- The paper introduces SceneScript that generates 3D scene models via autoregressive prediction of structured language commands from visual inputs.
- It employs a novel transformer-based encoder-decoder architecture with multi-modal encoders, achieving state-of-the-art architectural layout estimation.
- The study leverages the extensive ASE synthetic dataset to demonstrate strong generalization to real scenes and easy extensibility to new scene commands.
SceneScript: Autoregressive Prediction of Structured Scene Commands from Visual Data
Introduction
This paper introduces SceneScript, a novel approach focused on producing full 3D scene models directly from visual data inputs, articulated as a sequence of structured language commands. This method is inspired by advancements in transformers and LLMs, diverging from traditional scene representation methods like meshes or point clouds. Instead, SceneScript utilizes a scene language encoder-decoder architecture to infer these structured language commands, providing a crisp, compact, and semantically rich scene representation.
SceneScript Overview
SceneScript represents scenes using structured language commands rather than traditional geometric representations. This approach offers several benefits, including memory efficiency, interpretability, and flexibility in adapting to new scene entities or tasks by extending the command set. The core of SceneScript is an autoregressive model that predicts these commands based on encoded visual data inputs.
Aria Synthetic Environments Dataset
To facilitate the training and evaluation of SceneScript, the authors introduced the Aria Synthetic Environments (ASE) dataset. ASE is a synthetically generated dataset comprising 100,000 high-quality indoor scenes with corresponding ground truth in the format of structured language commands. This dataset is pivotal for training SceneScript, especially since it generalizes to diverse real scenes despite being trained solely on synthetic data.
Technical Approach
To encode visual data into a latent representation, SceneScript employs three variants of encoders: point clouds, posed image sets, and a combination of both. Regardless of the input modality, the encoded scene representation is then decoded into a structured language command sequence by a transformer-based decoder. Importantly, SceneScript demonstrates its flexibility and extendability by adopting a novel scene representation based on structured language commands. For instance, introducing a command for doors with parameters for opening angles exemplifies how easily SceneScript can adapt to new scene entities or tasks.
Results and Evaluation
SceneScript shows state-of-the-art performance in architectural layout estimation and competitive results in 3D object detection on the ASE dataset. The method's generalization capability is highlighted by its performance on real scenes. Significantly, SceneScript's design facilitates easy adaptation to new tasks or commands, demonstrated by extending the structured language to include object parts or different geometric entities, like curved walls or composite entities.

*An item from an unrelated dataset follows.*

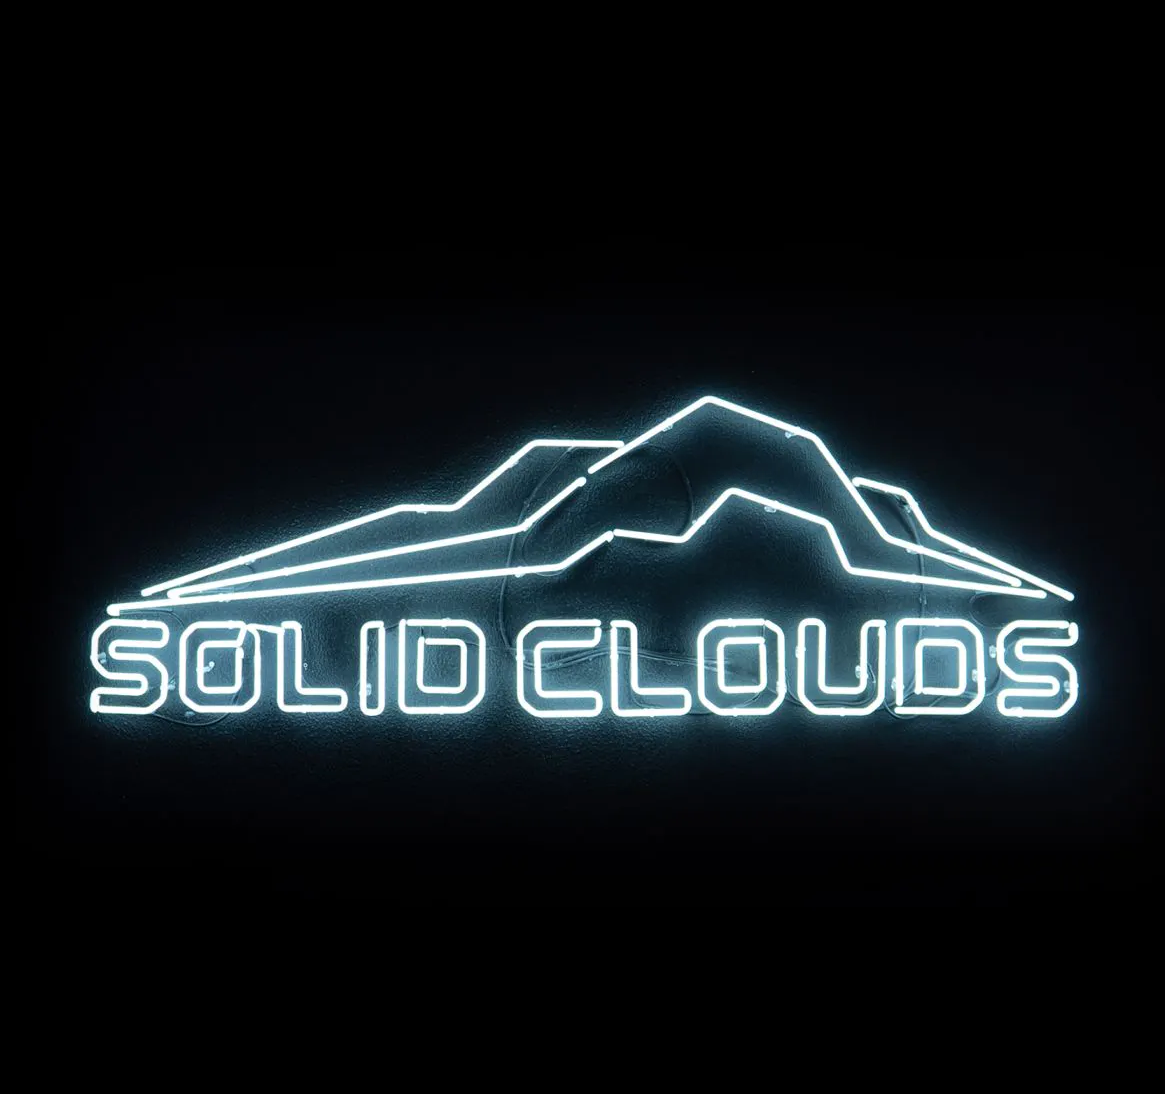 Solid Clouds raises $5.8 million in an oversubscribed share offering

Implications and Future Directions
The success of SceneScript in employing an autoregressive model for scene representation opens several avenues for future research. The method's adaptability suggests potential for integrating SceneScript with other AI systems or in applications requiring dynamic scene understanding and modification. Moreover, the introduction of ASE contributes a substantial dataset for advancing machine learning in scene understanding, promising further innovations in the field.
Conclusions
SceneScript introduces a paradigm shift in 3D scene representation, leveraging the expressive power of structured language commands for a flexible and semantically rich description of indoor environments. The extensive ASE dataset further enriches research resources, fostering advancements in scene understanding and representation. The potential for future development and integration with emerging AI technologies positions SceneScript as a foundational method in the field of generative AI for 3D modeling.